Sometimes when working with a big dataset it becomes quite difficult to load the entire data into the memory at once. As such the only way forward is to load data into memory in batches for processing, this means you may have to write extra code to do this. But do not worry, PyTorch has you covered with its Dataloader function.
The dataloader function is available in PyTorch torch.utils.data class and supports the following tasks –
- Customization of Data Loading Order
- Map-Style and Iterable-Style Datsets
- Automatic Batching
- Data Loading with single and multiple processes
- Automatic Memory Pinning
Syntax of PyTorch DataLoader
The following section shows the syntax of dataloader function in PyTorch library along with the information of its parameters.
DataLoader(dataset, batch_size=1, shuffle=False, sampler=None,
batch_sampler=None, num_workers=0, collate_fn=None,
pin_memory=False, drop_last=False, timeout=0,
worker_init_fn=None, *, prefetch_factor=2,
persistent_workers=False)
Parameters
- Dataset – It is mandatory for a DataLoader class to be constructed with a dataset first. PyTorch Dataloaders support two kinds of datasets:
- Map-style datasets – These datasets map keys to data samples. Each item is retrieved by a get_item() method implementation.
- Iterable-style datasets – These datasets implement the iter() protocol.
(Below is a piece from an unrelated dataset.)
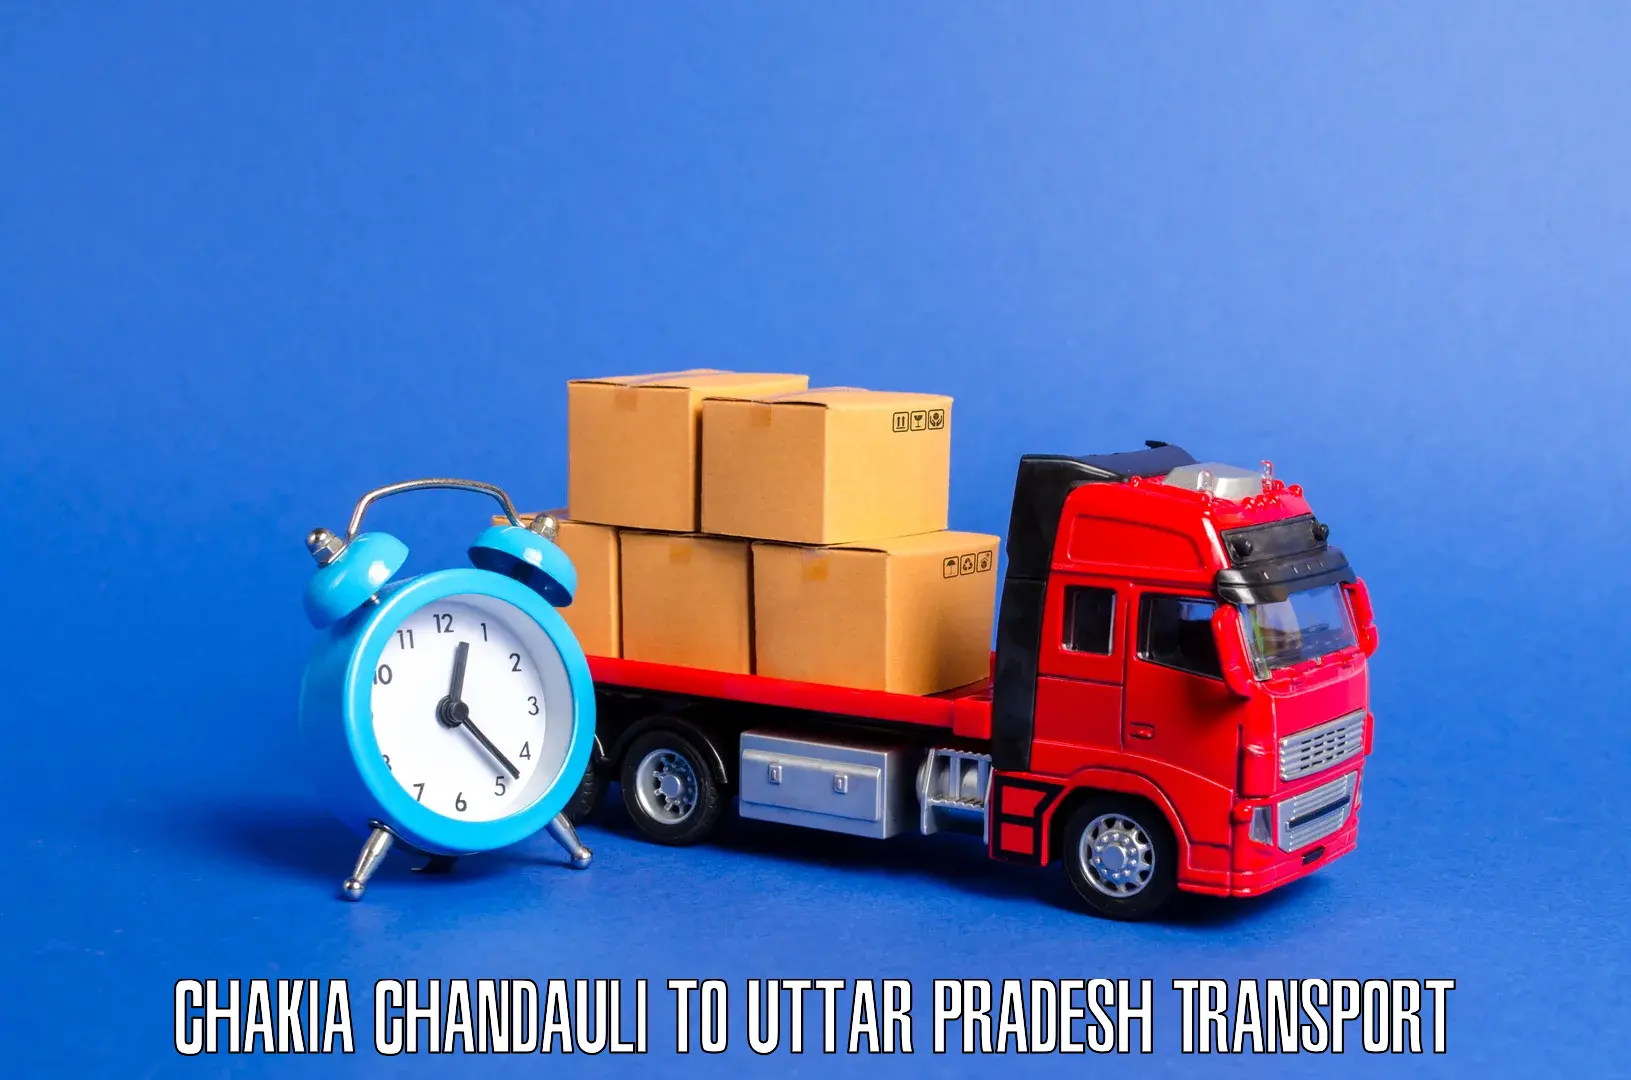 Land transport services Chakia Chandauli to Pilibhit

Such datasets retrieve data in a stream sequence rather than doing random reads as in the case of map datasets.
- Batch size – Refers to the number of samples in each batch.
- Shuffle – Whether you want the data to be reshuffled or not.
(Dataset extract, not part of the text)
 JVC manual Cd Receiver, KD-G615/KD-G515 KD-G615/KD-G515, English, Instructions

- Sampler – refers to an optional torch.utils.data.Sampler class instance. A sampler defines the strategy to retrieve the sample – sequential or random or any other manner. Shuffle should be set to false when a sampler is used.
- Batch_Sampler – Same as the data sampler defined above, but works at a batch level.
- num_workers – Number of sub-processes needed for loading the data.
- collate_fn – Collates samples into batches. Customized collation is possible in Torch.
- pin_memory – Pinned (page-locked) memory locations are used by GPUs for faster data access. When set to True, this option enables the data loader to copy tensors into the CUDA pinned memory.
- drop_last – If the total data size is not a multiple of the batch_size, the last batch has less number of elements than the batch_size. This incomplete batch can be dropped by setting this option to True.
- timeout – Sets the time to wait while collecting a batch from the workers (sub-processes).
- worker_init_fn – Defines a routine to be called by each worker process. Allows customized routines.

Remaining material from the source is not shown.